Technical Advice Memorandum 201005061

In TAM 201005061 issued on February 5, 2010, the IRS addressed the unrelated business activities conducted by an athletic trade association. In the TAM the association's purposes included promoting the common business interests of the associated members and promoting the objectives of a specific unnamed sport that is played by amateurs and professionals.

One aspect of the sport that the association addressed was that players generally must pay fees to play at sports facilities. The association and participating sports facilities sell to the general public, for a fee, discount certificates to help defray the costs to the players to engage in the sport at various sports facilities. Sales by the association resulted in "significant revenue and substantial profits" for the association. These revenues were used as a source of funding for many of the association's programs that carried out its exempt purposes. The TAM provides that the staff time that the association devoted to the discount certificates fluctuated somewhat over the years, although it decreased overall. The association "substantiated" that an average of 25 percent of the staff time was spent on the discount program during the first six years of the discount program. Also, the association's board spent approximately 5 percent of its time on the discount program, and approximately 10 percent of the overall time spent by the association's committees was spent on the discount certificate program.

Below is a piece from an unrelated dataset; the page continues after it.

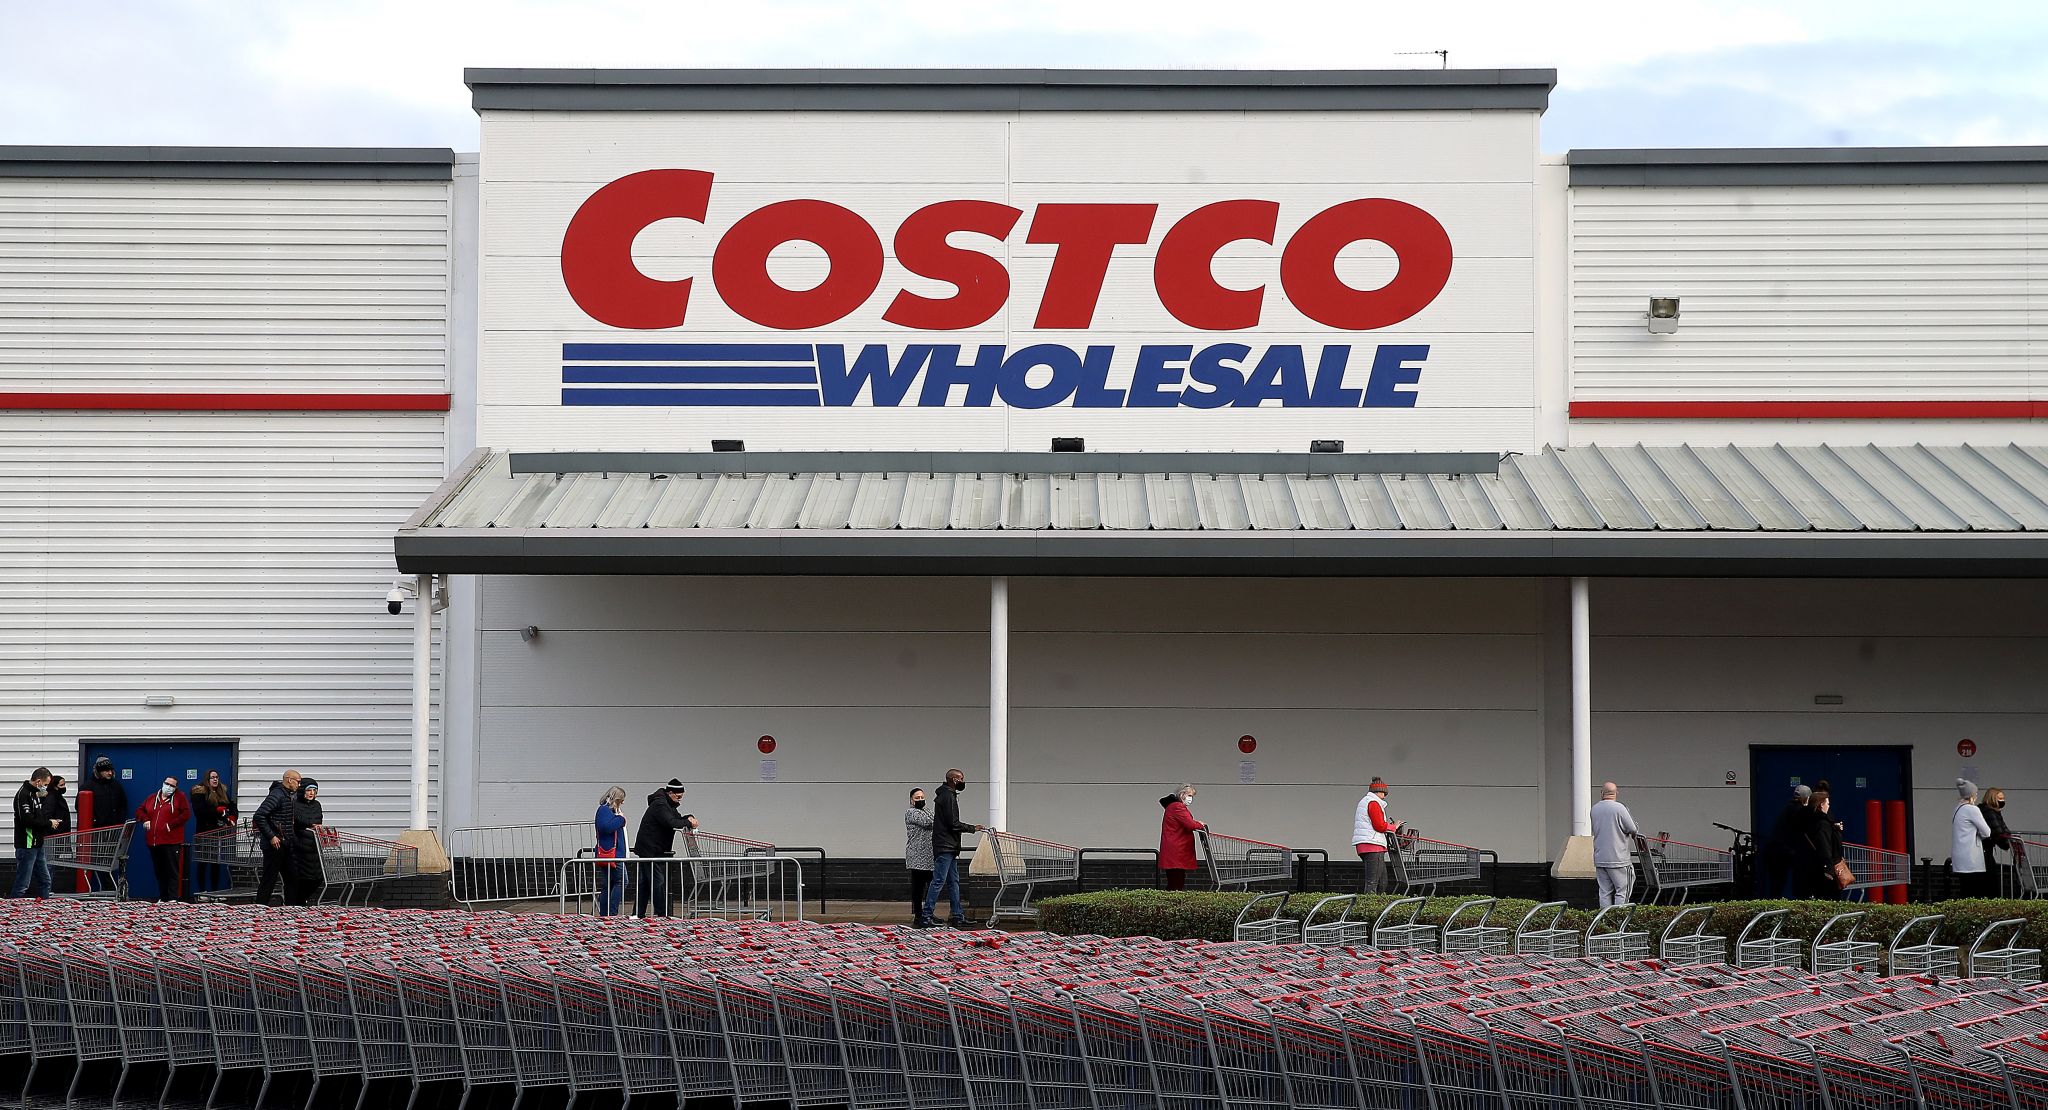 Sam's Club Vs. Costco: Why I prefer Costco after trying both

Based on an extensive analysis, not relevant to this article, the TAM concluded that the fee income earned from sales of the discount certificates constituted UBTI. The helpful aspect of this ruling is that the IRS based its conclusion that the association should not lose its exempt status on the fact that the association's employees spent only 25 percent of their time on the unrelated business activities. Thus, the IRS concluded that even though a "substantial portion" of the association's revenues came from the sale of the discount certificates, the sale of discount certificates did not constitute the primary purpose of the association or the primary activity of the association's employees.

Pepper Perspective

It is rare for IRS guidance to include quantifiable data in determining whether an unrelated business jeopardizes an exempt organization's status.1 Because the IRS seems to recognize that it is not fatal for a significant amount of an exempt organization's revenues to be comprised of UBTI if its employees spend at least 75 percent of their time engaged in the organization's exempt activities, it would be useful for exempt organization if the IRS added a quantifiable standard or safe harbor to the regulations governing the unrelated business activities of exempt organizations.

Endnotes

1 See Private Letter Ruling 9550001 (Section 501(c)(6) organization performed administrative tasks for health and welfare plan, the combination of the administrative activities and other non-exempt activities generated 23 percent of the organization's revenue and 19.7 percent of its expenses, the fees received for the administrative services were UBTI, and the extent of the non-exempt activities did not jeopardize the organization's exempt status); Private Letter Ruling 9128003 (a Section 501(c)(6) formed to promote positive employer-employee relations also provided approximately three months worth of administrative support in connection with compensation consulting services, the administrative support was UBTI, but it did not jeopardize the organization's exempt status); Private Letter Ruling 8038004 (a Section 501(c)(3) organization that aided voluntarily discharged members of the armed forces who were disabled did not lose its exempt status even though 46 percent of the organization's net income were from sales of prosthetics that constituted UBTI).